Kebijakan moneter di Amerika Serikat juga akan mempengaruhi pergerakan arus modal secara global

Pemerintah masih waspadai kondisi global pada 2019 Menteri Keuangan Sri Mulyani Indrawati menyampaikan pandangan pemerintah pada Rapat Paripurna di Kompleks Parlemen Senayan, Jakarta./AntaraFoto

Pemerintah terus berupaya menghadapi sektor keuangan global pada 2019. Khususnya terhadap nilai tukar dollar AS dan harga minyak dunia.

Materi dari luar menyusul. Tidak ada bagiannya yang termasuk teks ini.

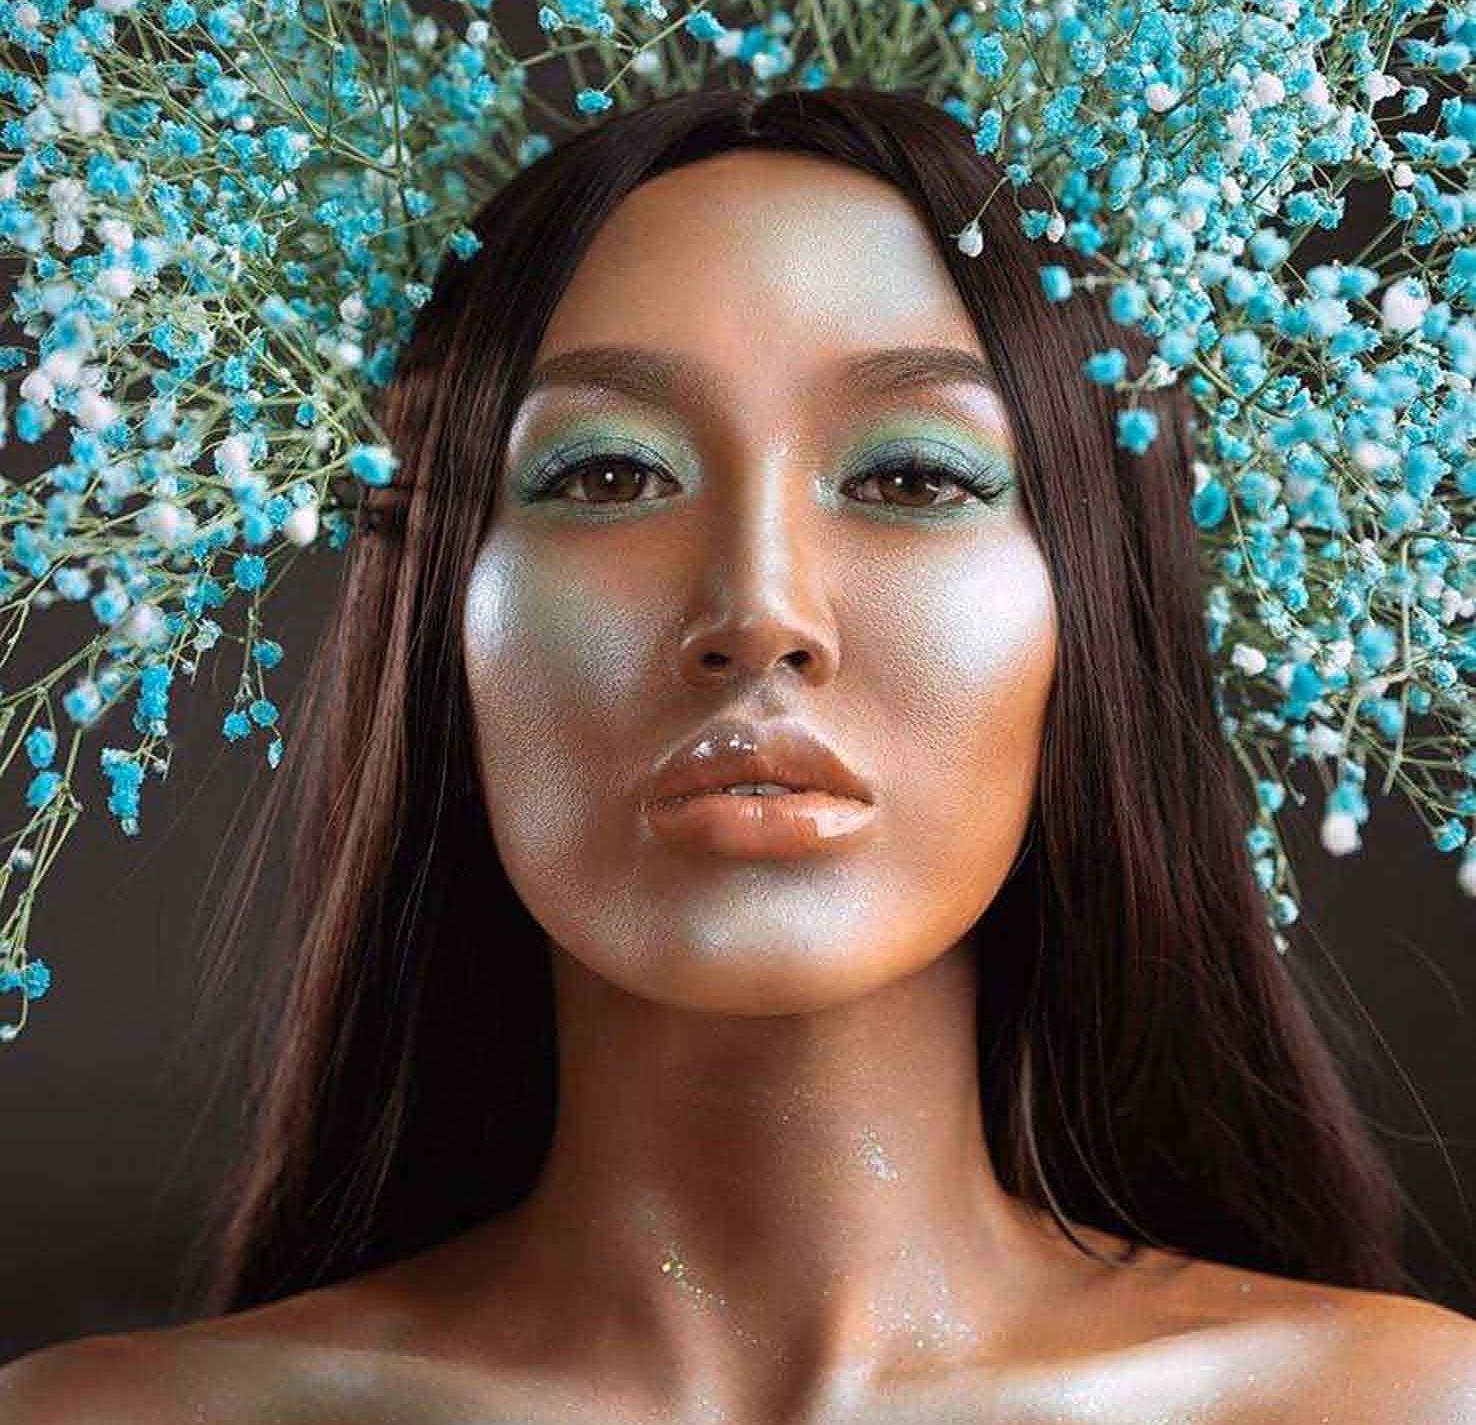 А.Баярзаяа: Монгол охид натурал шаргал арьстай мөртлөө цагаан крем түрхдэг нь хамгийн том алдаа

Menteri Keuangan Sri Muyani mengatakan banyak faktor yang akan menjadi tantangan dalam menjaga stabilitas dan pergerakan nilai tukar. Kebijakan moneter di Amerika Serikat juga akan mempengaruhi pergerakan arus modal secara global. "Mempertimbangkan kondisi tersebut, rata-rata nilai tukar rupiah pada 2019 diperkirakan berada dalam rentang Rp 13.700-Rp14.000 per dollar AS," terang dia, Jumat (18/5) di Jakarya.

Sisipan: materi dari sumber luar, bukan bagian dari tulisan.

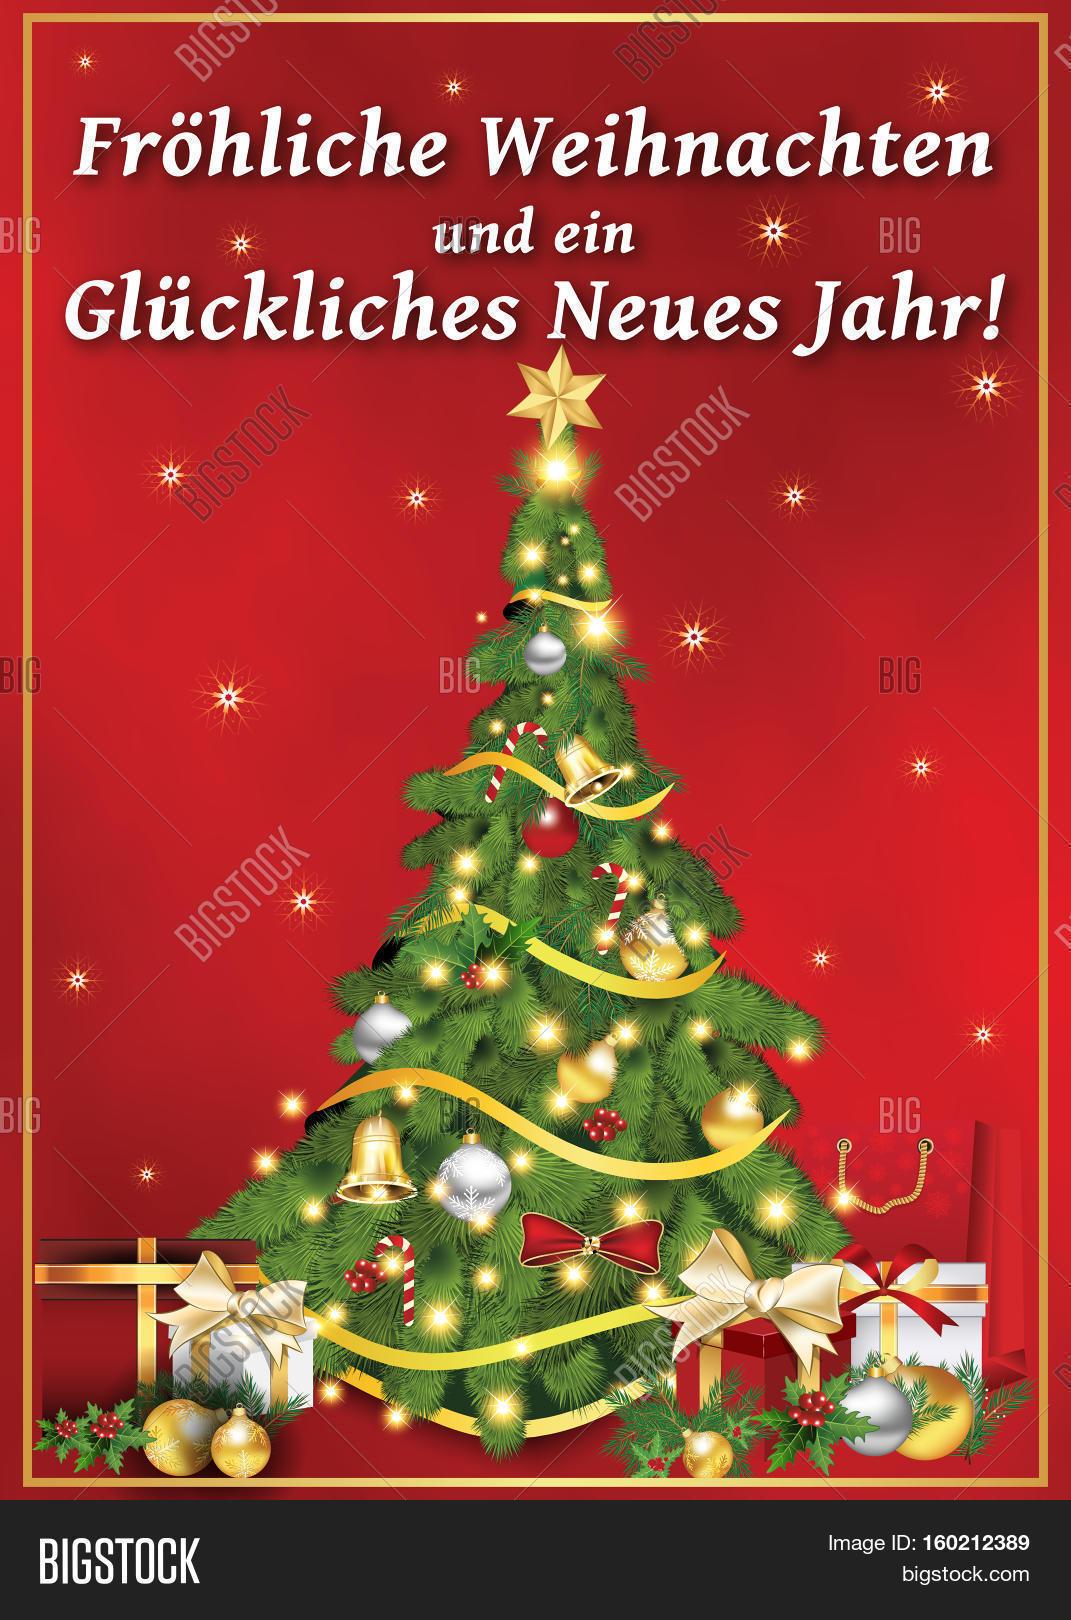 Frohliche Weihnachten Image & Photo (Free Trial) | Bigstock

Kendati begitu, pergerakan nilai tukar rupiah dalam rentang yang memadai dinilai tidak selalu berarti negatif terhadap perekonomian domestik. Depresiasi nilai tukar pada batas dapat berdampak positif bagi perbaikan daya saing produk ekspor indonesia. Ujung-ujungnya, pertumbuhan ekonomi akan terdorong. Oleh karena itu, pemerintah memacu perkembangan industri manufaktur dan jasa, termasuk pariwisata agar mampu memanfaatkan situasi tersebut.

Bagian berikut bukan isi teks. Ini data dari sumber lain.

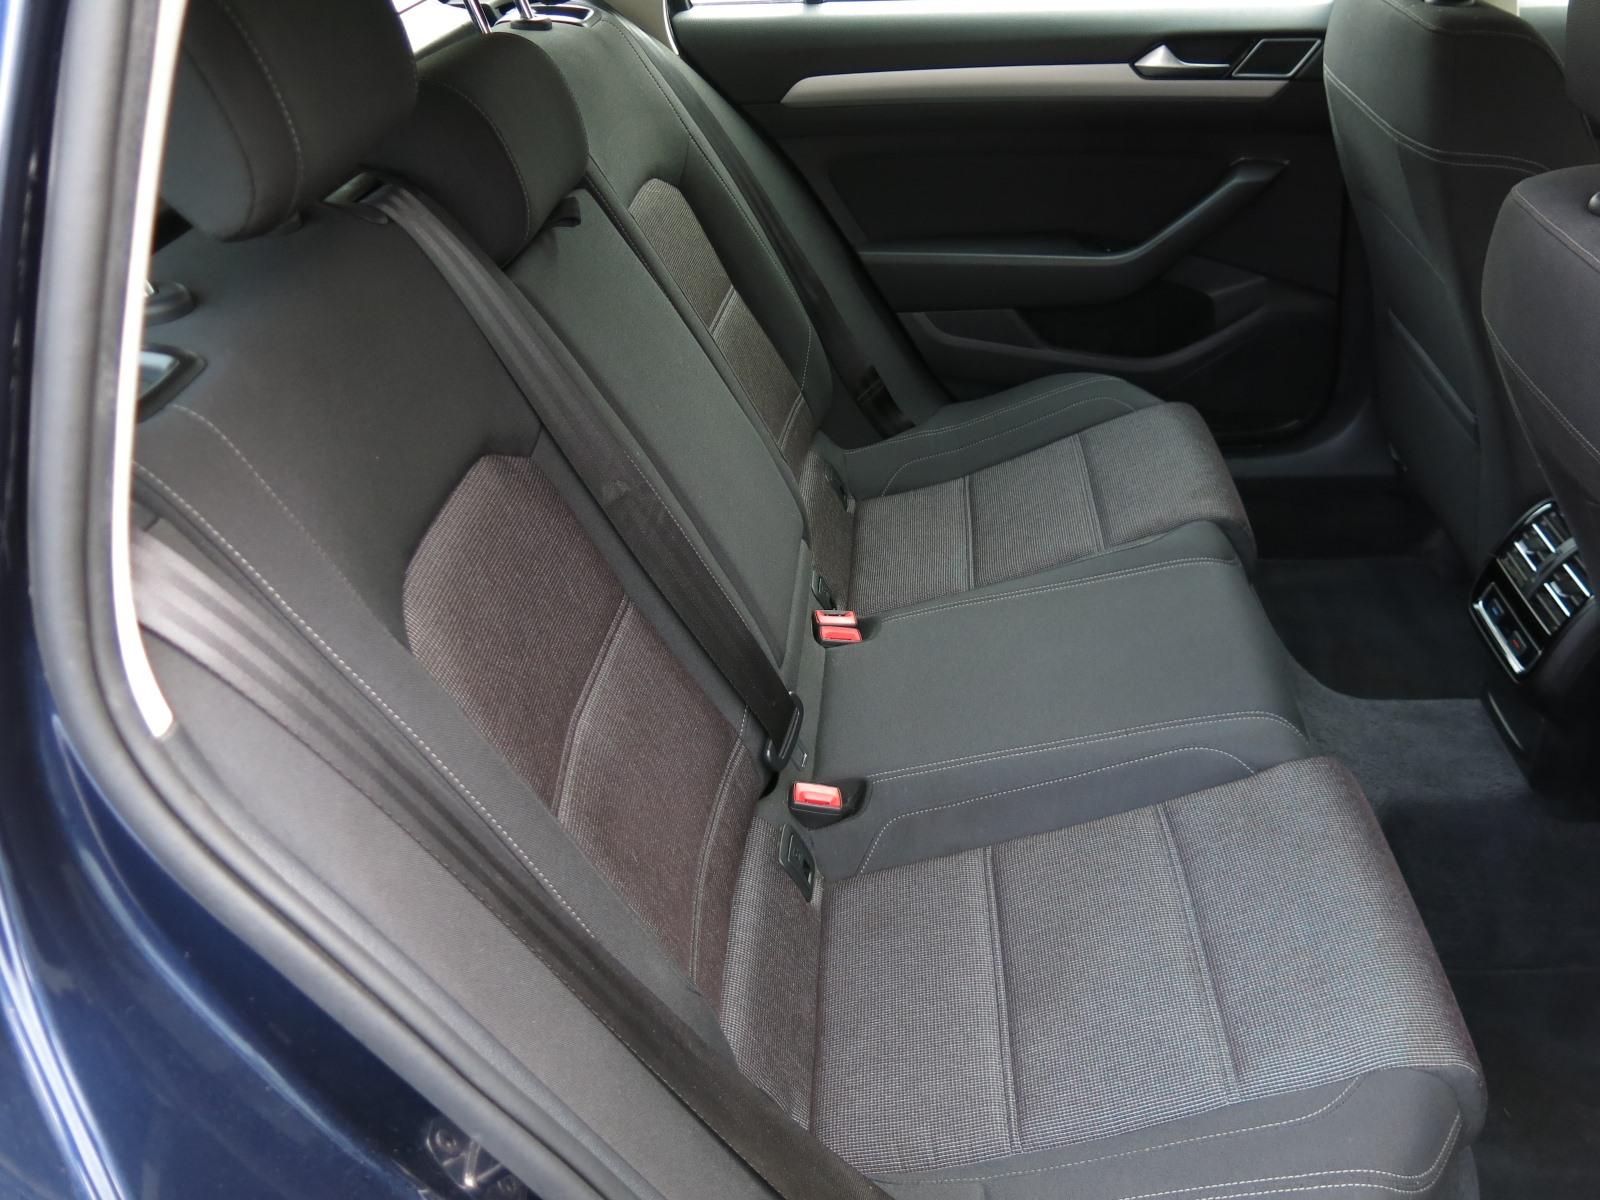 Volkswagen Passat, 2016 - pohled č. 15

Pemerintah bersama Bank Indonesia juga akan terus mengelola stabilitas ekonomi dan pergerakan nilai tukar tersebut agar tidak terjadi volatilitas yang merusak iklim usaha dan aktivitas ekonomi Indonesia

Kondisi global diperkirkaan juga akan mempengaruhi  Indonesian Crude-oil Price (ICP) pada 2019 yang diperkirakan berada pada kisaran US$60 hingga US$70 per barel. Angka ICP bergerak seiring perubahan harga minyak mentah dunia yang dinamikanya semakin sulit diprediksi. Faktor pemulihan ekonomi dunia, keamanan, politik, bencana alam dan inovasi teknologi juga akan ikut menentukan dinamika pada harga minyak dunia.

Pada 2019, harga minyak mentah dunia diperkirakan akan mengalami peningkatan karena naiknya permintaan sebagai akibat mulai pulihnya perekonomian global. Sementara itu, produksi minyak mentah dunia diperkirakan belum akan mampu mengimbangi kenaikan permintaannya, baik karena kendala investasi ladang baru, maupun karena peningkatan ketegangan dan gangguan politik keamanan di beberapa negara produsen minyak utama dunia.

"Asumsi lifting minyak bumi pada 2019 diperkirakan mencapai sekitar 722.000 hingga 805.000 barel per hari Perkiraan tingkat lifting tersebut berdasarkan pertimbangan kapasitas produksi dan tingkat penurunan alamiah lapangan migas yang ada, penambahan proyek yang akan mulai beroperasi serta rencana kegiatan produksi pada 2019," papar dia.